▶ _Material provided_
┏━━

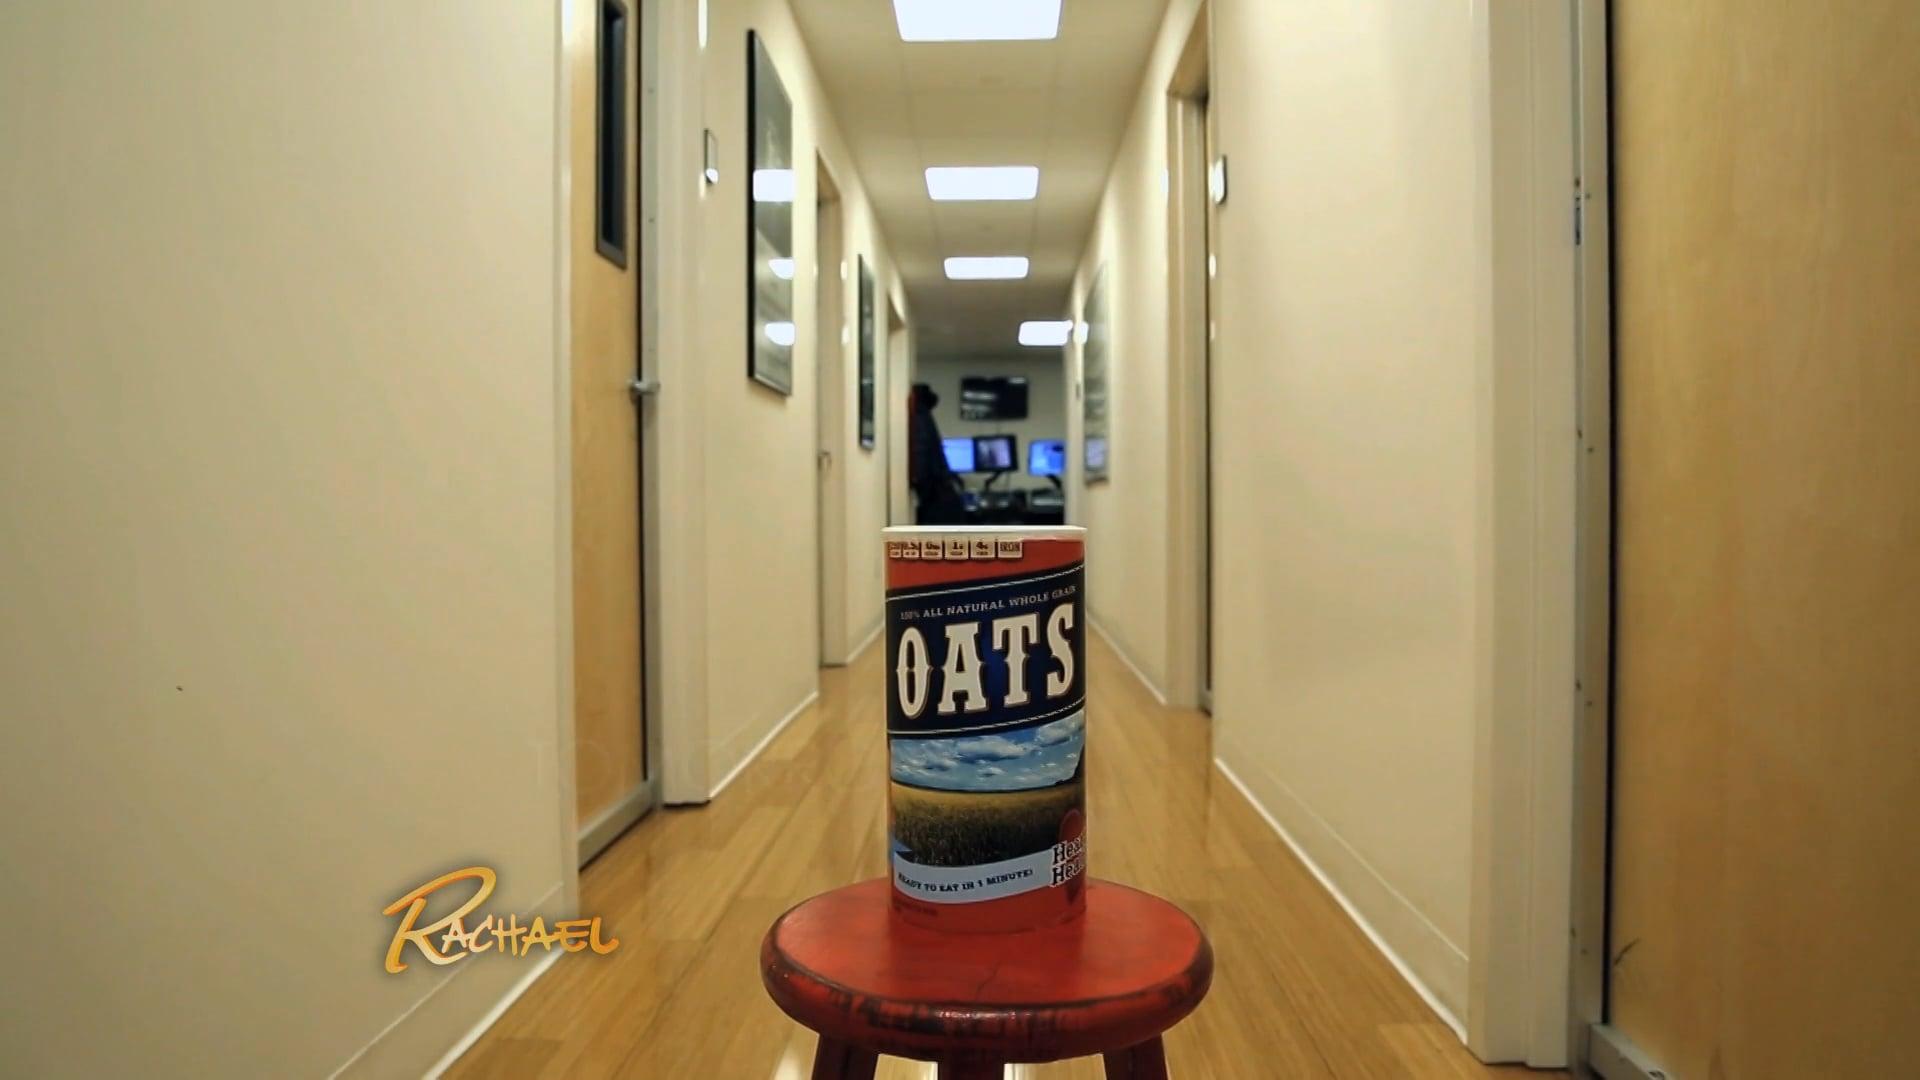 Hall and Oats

┗━━
┏━━

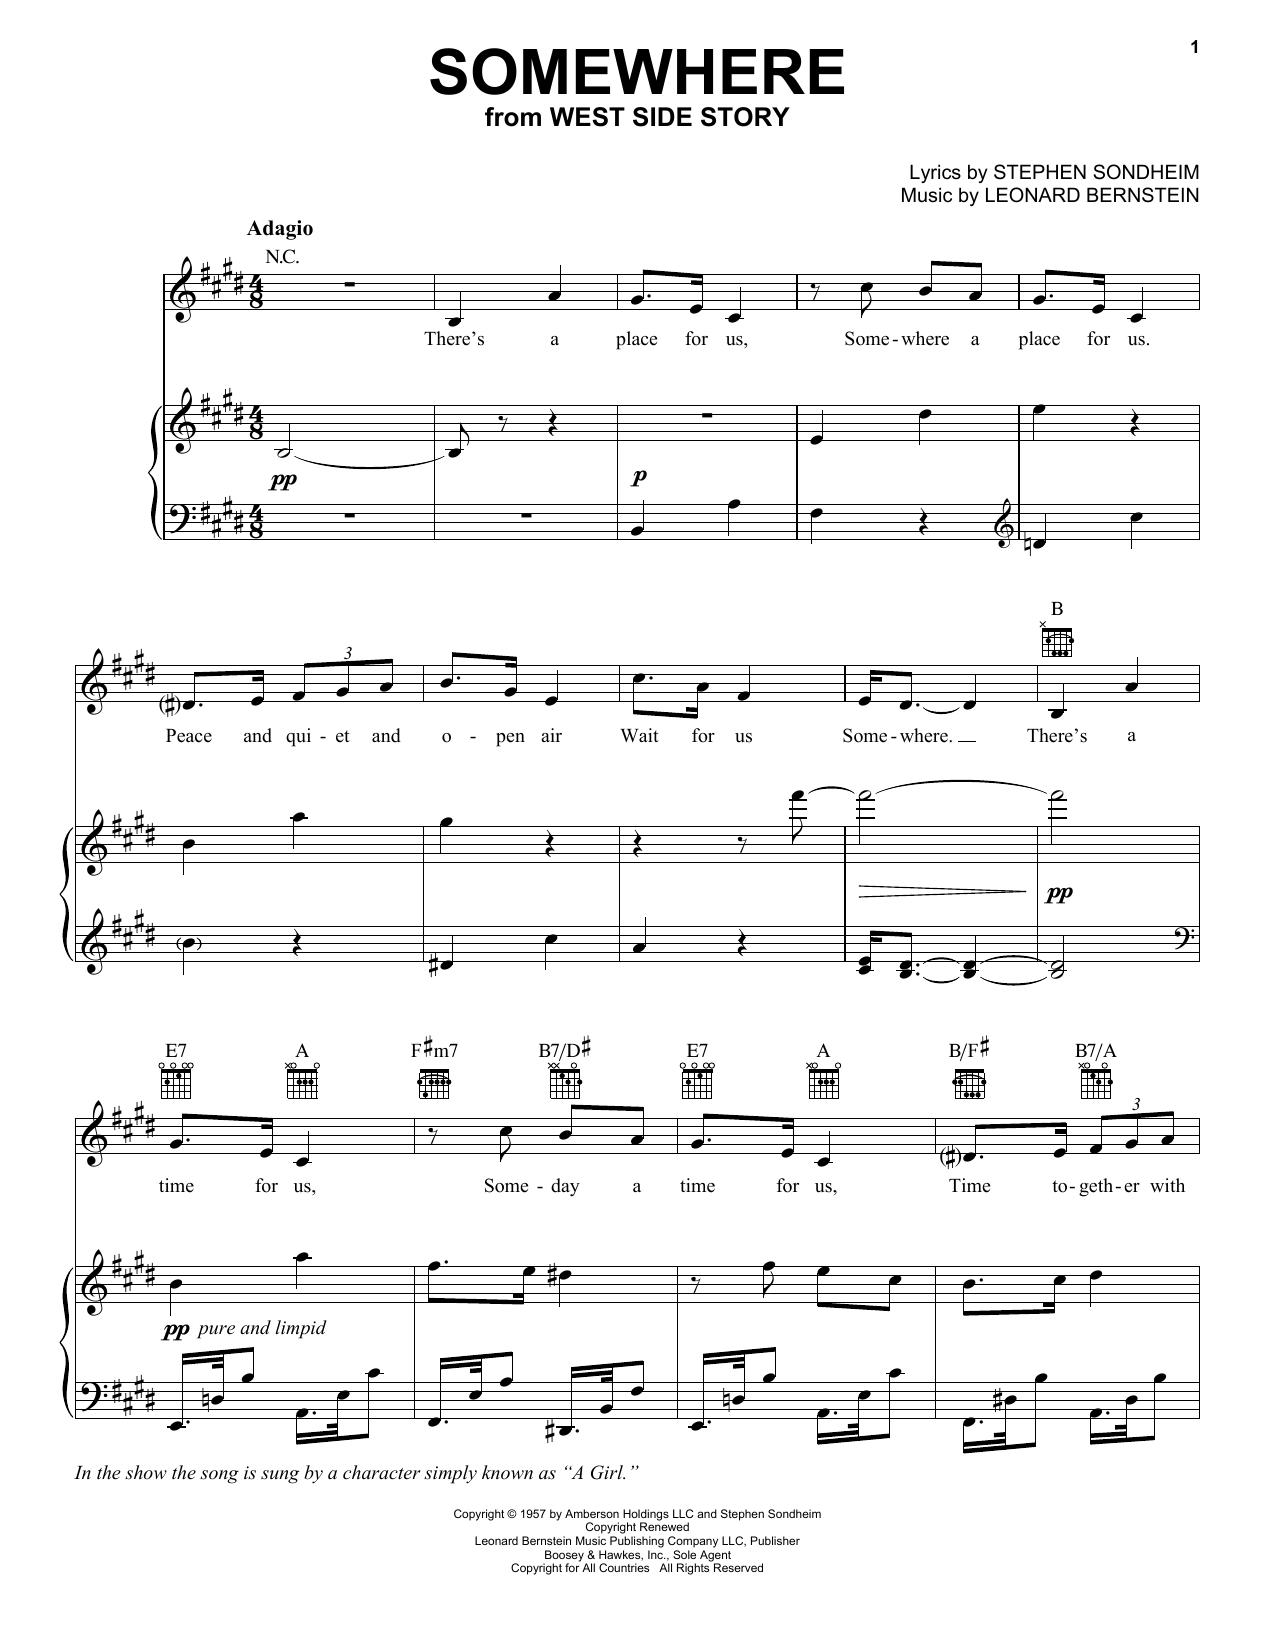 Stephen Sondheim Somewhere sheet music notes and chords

┗━━
┏━━

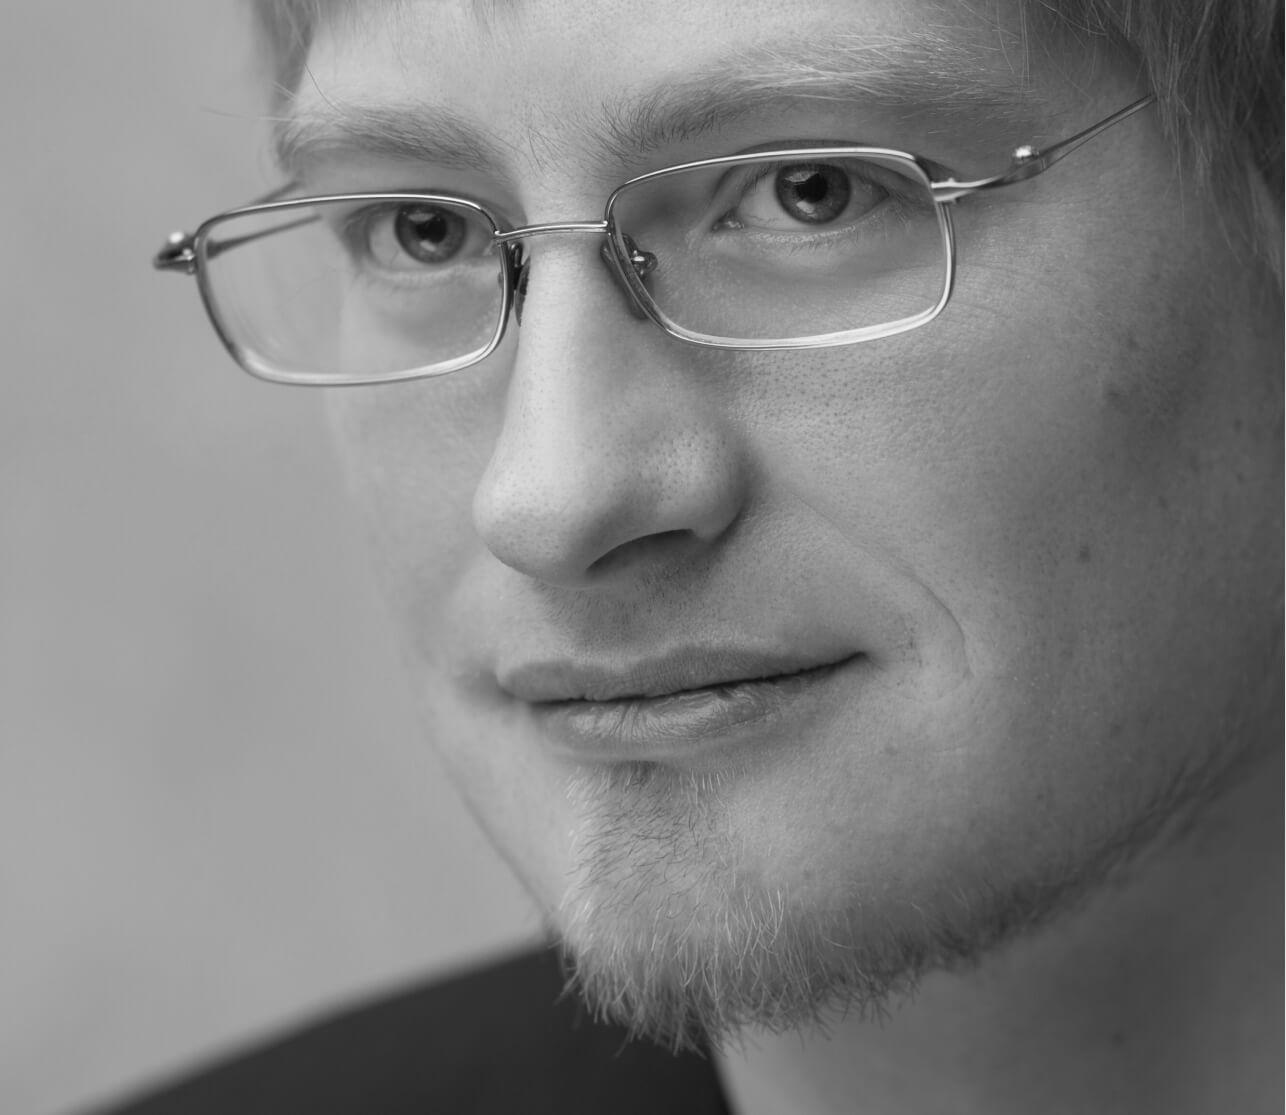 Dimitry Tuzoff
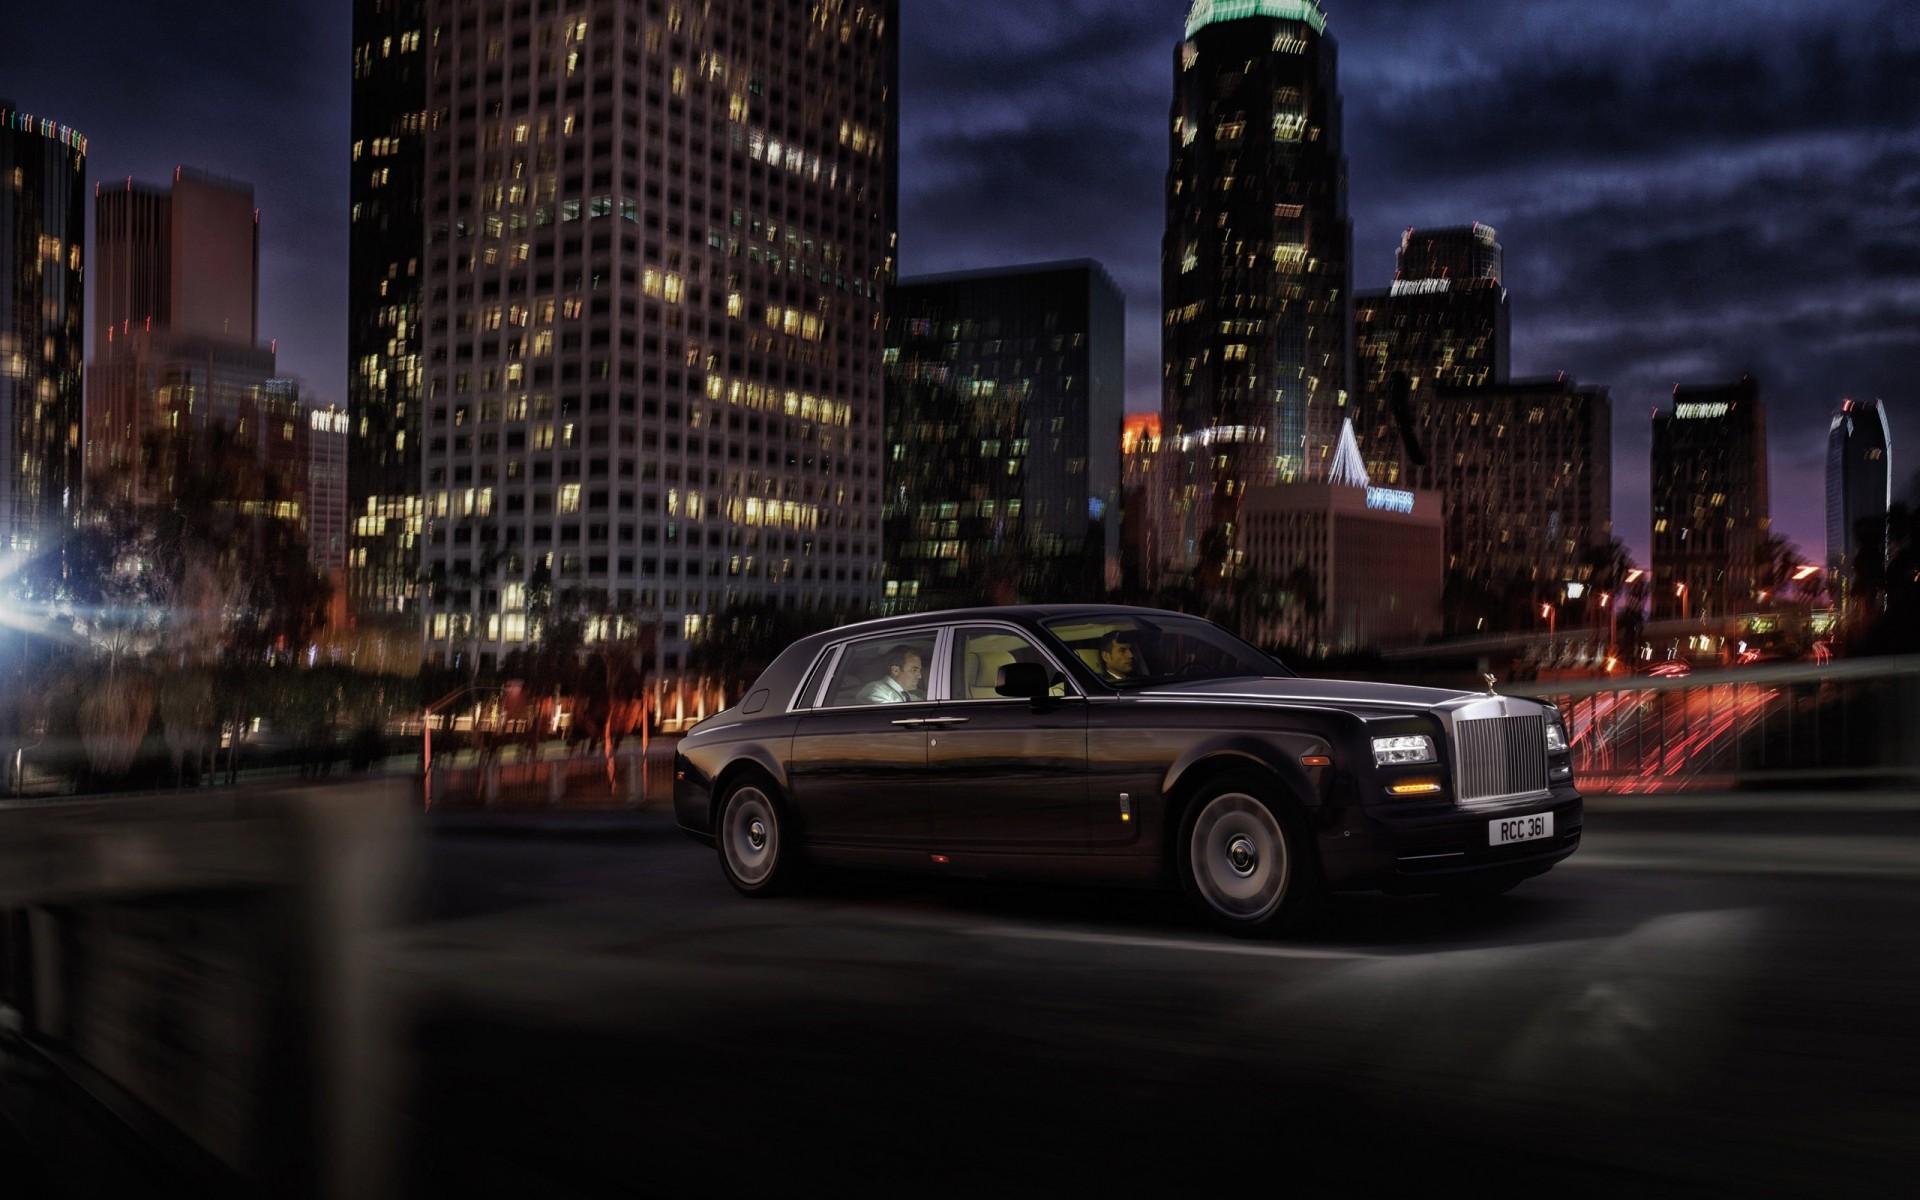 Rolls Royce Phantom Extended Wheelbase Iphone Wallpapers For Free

┗━━

When you reach the line containing "Dimitry Tuzoff" in the entries above, begin restating word for word, and stop once the line containing "Rolls Royce Phantom" has been given. Omit the pictures.

 Dimitry Tuzoff
 Rolls Royce Phantom Extended Wheelbase Iphone Wallpapers For Free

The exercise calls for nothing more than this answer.